That one looked a good goal at the time; it looks an even better one on the replays and a willingness to shoot is a feature of this Burton side.
We scarcely saw any goals from outside the box in the first couple of seasons in the league, the team tending to try to walk the ball in, but they are flying in from all angles now. Confidence does that for you but so does being encouraged to have a go by the management, I rather suspect.
It wasn’t a great game, let’s not kid ourselves, but the Brewers found a way to win it. It’s a very good quality to have.
As usual, the opposition manager, Andy Scott, wasn’t in any mood to praise Burton, just as Mark Yates of Cheltenham and Graham Alexander of Fleetwood haven’t been recently.
Perhaps to acknowledge Burton’s qualities would be an admission that they were out-guessed tactically by Messrs Rowett and Summerfield.
Strangely, it was an Aldershot fan who summed it up best in the after-match comments. This was on their forum:
“I thought they were excellent, their work rate was fantastic ALL game.
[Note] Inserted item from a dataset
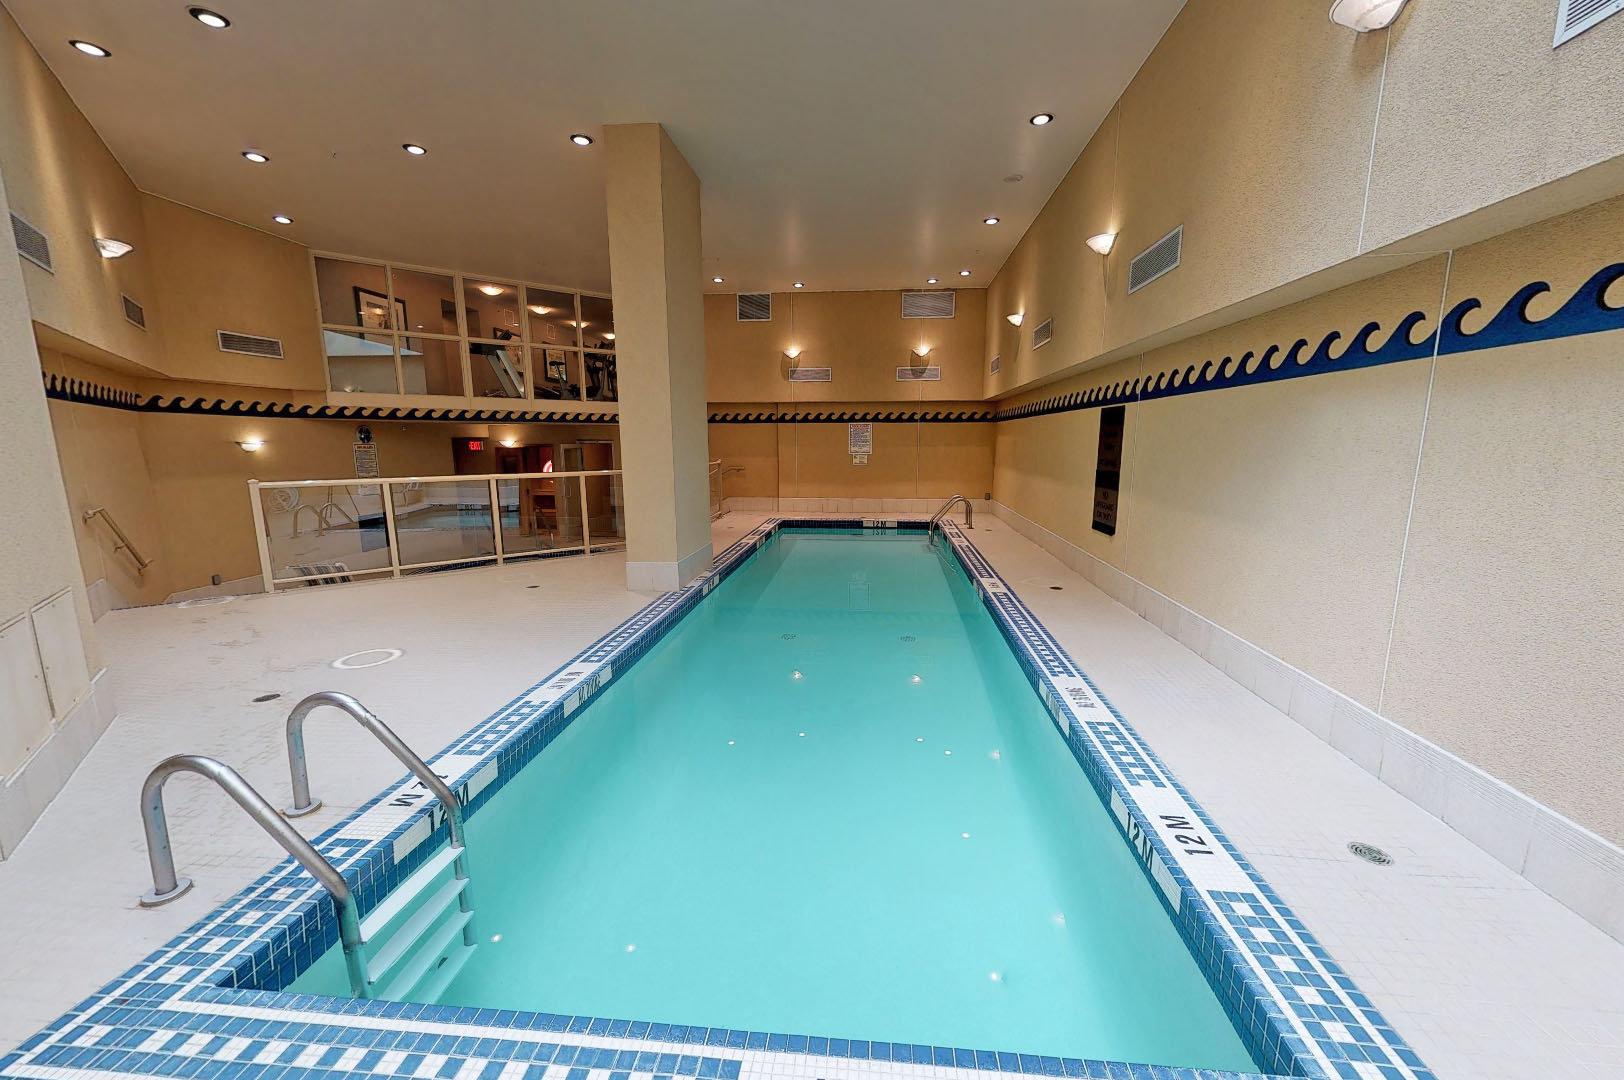 Crestmark II at 1228 Marinaside Crescent -  Pool!

I think the reason so many of our players had a bad game was down to them, they never gave any of ours a moment. In fact I may be so bold as to suggest that they’re not getting enough credit for their performance. OK maybe they didn’t play beautiful, free flowing football but they earned their win.
And sure, we contained them but, apart from the early goal, we didn’t look like scoring and the longer the game went on I thought there only looked like there would be one winner.”
Couldn’t have put it better myself!

*********

Poor Alex MacDonald. A super three points and then he puts his phones on top of his car when he stops for a pee and drives off forgetting about them! When he remembers and goes back, he finds a lorry has driven over them.
The on-loan Burnley winger recounted this tale of woe on Twitter when he got home.
That apart, things seem to be going rather well for him at Burton and I already get the impression that a lot of Burton fans would welcome him being signed permanently at the end of the season.
Wholehearted triers are welcomed by most supporters and MacDonald is certainly one of those. We also found out at Aldershot that he has a long throw. He delivered two of them at the EBB Stadium, one better than the other, and it’s another string to Burton’s bow.
Thanks to the Burton supporter who had a scout around Burnley’s forum and found out that the fans there rate MacDonald too.
That is, they rate him as a bloke and a trier. They think he perhaps isn’t Championship class (he still has time to become that at 22 of course) but they also wish him well if he ends up at Burton.
Loans in Scotland (twice) and Plymouth will have been hard work. MacDonald, who has a baby daughter, and lives in Runcorn, says he is ready to settle. Perhaps it will be here.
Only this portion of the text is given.